I believed that the *most powerful hypothesis test* for comparing two normal distributions with different mean values, but a common standard deviation, uses the *average value* as *test statistics*. However, I tried to calculate the sample size using a Monte Carlo simulation and compared the two cases: (a) using the numeric average value as test statistic, and (b) transforming the data first to ranks and then calculating the average value. What I found is the ranked data yields a smaller sample size. How is that possible?

Here is what I do:
1. I draw $N$ random numbers from the two following distributions $N(\mu_0, \sigma_0)$, and $N(\mu_1, \sigma_1)$, where  $\mu_0 = 0$, $\mu_1 = 1$, and $\sigma_1=\sigma_0 = 1$. [I also checked $\mu_1 = 0.25$ and obtain a similar result.]

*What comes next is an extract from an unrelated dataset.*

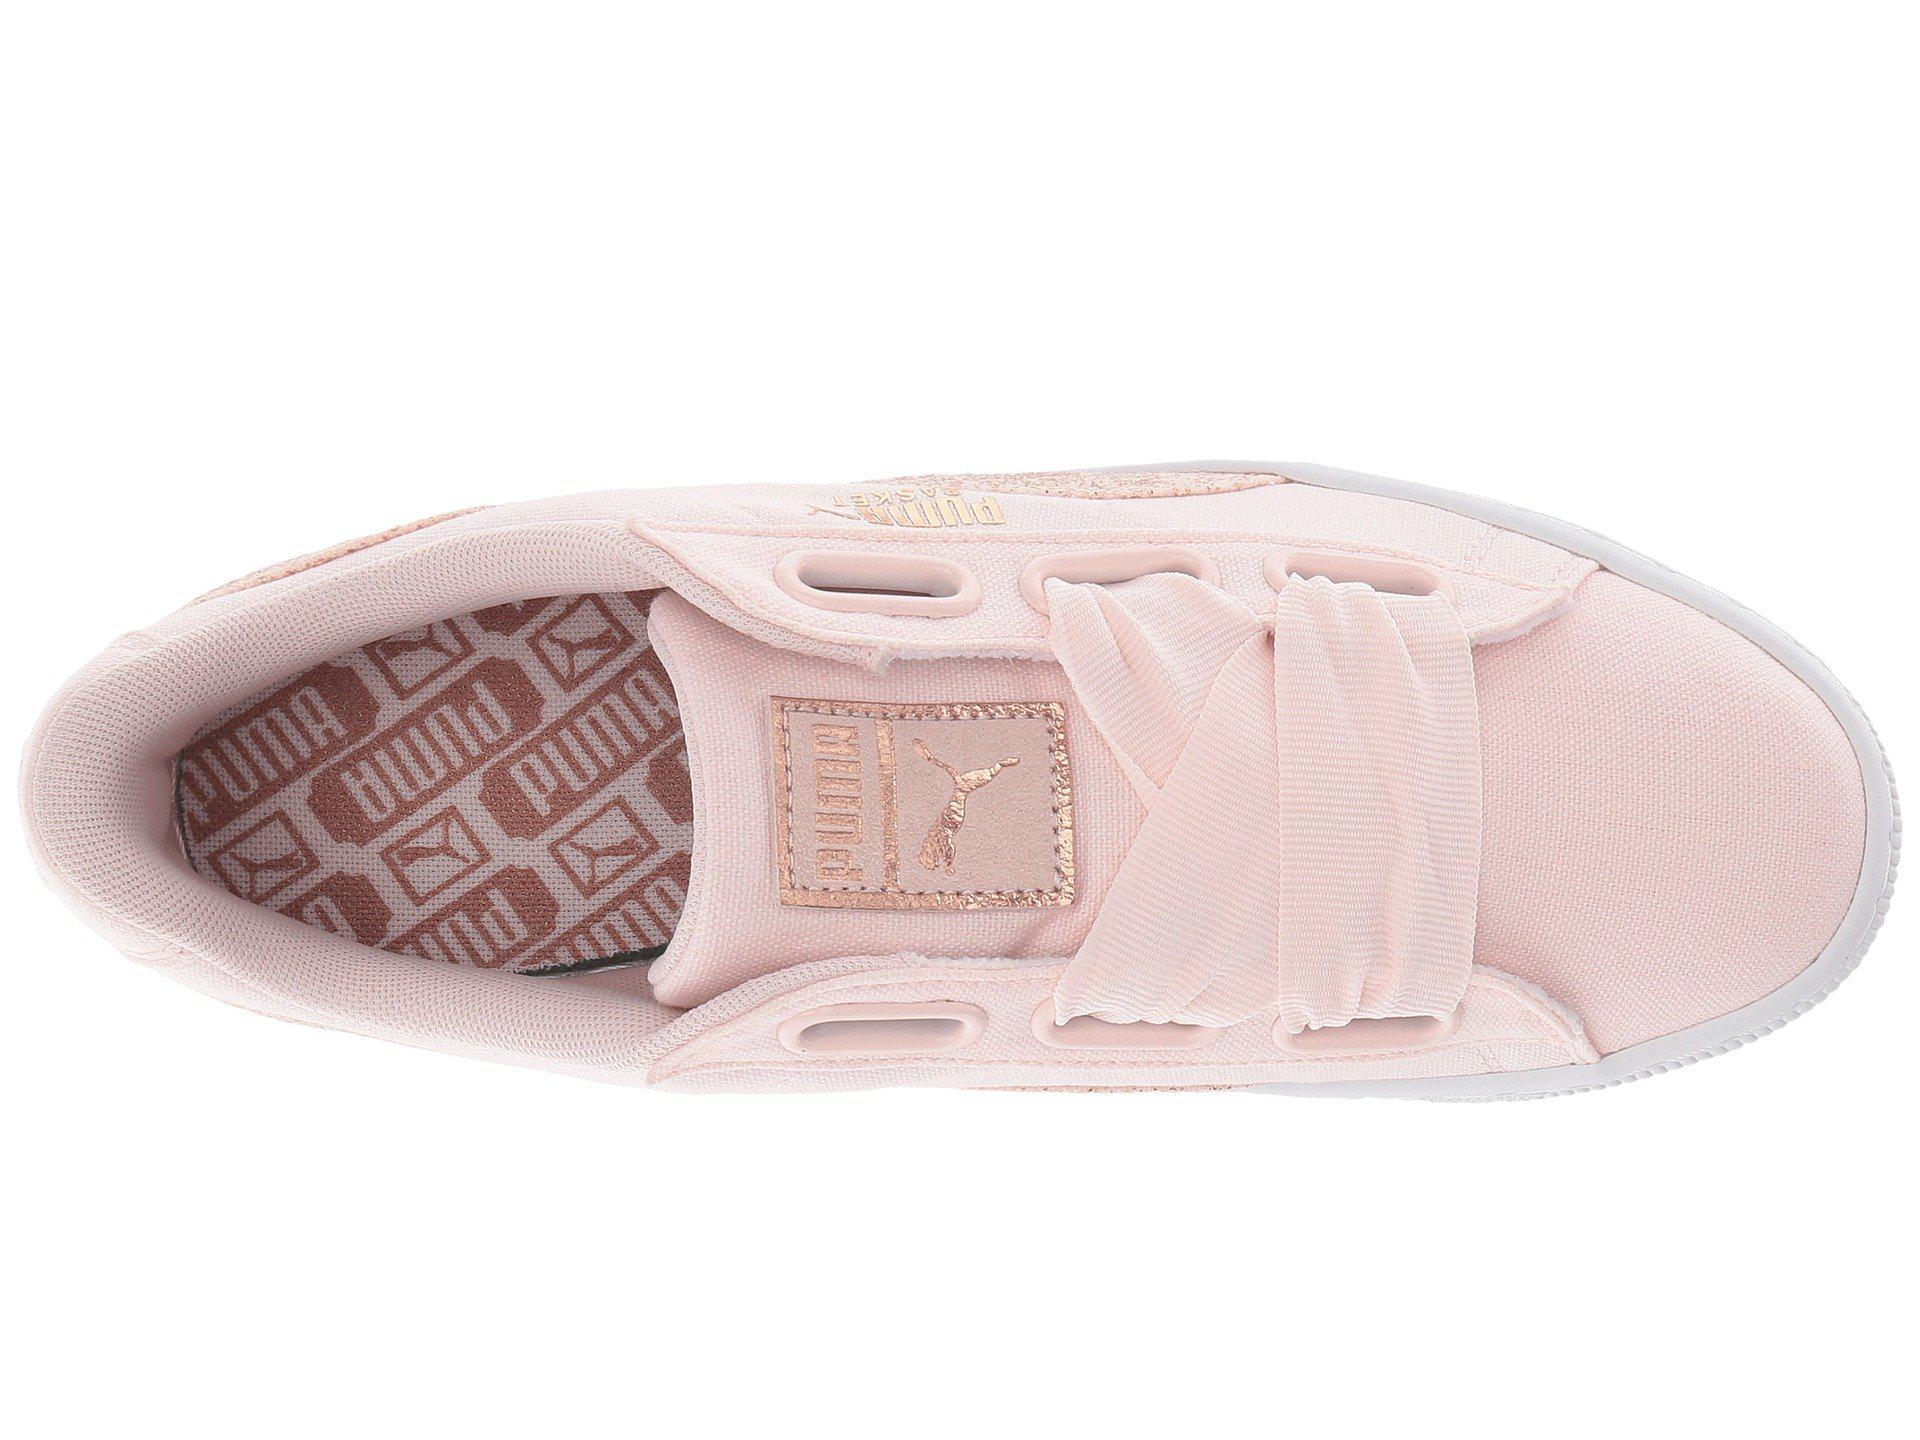 705175b96c5267 Lyst - PUMA Basket Heart Canvas in Pink

2. I calculate the test statistic (average value)

3. I repeat step 1+2 "many" times (10 000) to obtain a reliable answer.

4. I calculate the producer and consumer risk and check whether they satisfy
* producer risk (type I error) $\alpha \le 5\%$ and simultaneously 
* consumer risk (type II error) $\beta \le 20\%$. 

5. If the conditions in step 4 are not satisfied, I increase the sample size $N$.

The hypothesis test I performed is two-sided.
If I use the **numeric** value of random numbers for each distribution the conditions are satisfied for the sample size $N=8$. This is fine and consistent with analytic calculations. However, if I transform the random numbers to **ranks**,
>    Example: (0.0590,    0.5607,    0.1573,    0.5472) becomes  (1,     4,    2,     3)

and then calculate the test statistic (again the average value) 
the sample size is only $N = 5$. 

Intuitively, I get that the ranking increases the separation of the samples. However, I was convinced that the most powerful test is the one which uses the numeric average value. What am I missing? Is it just a bug in my program?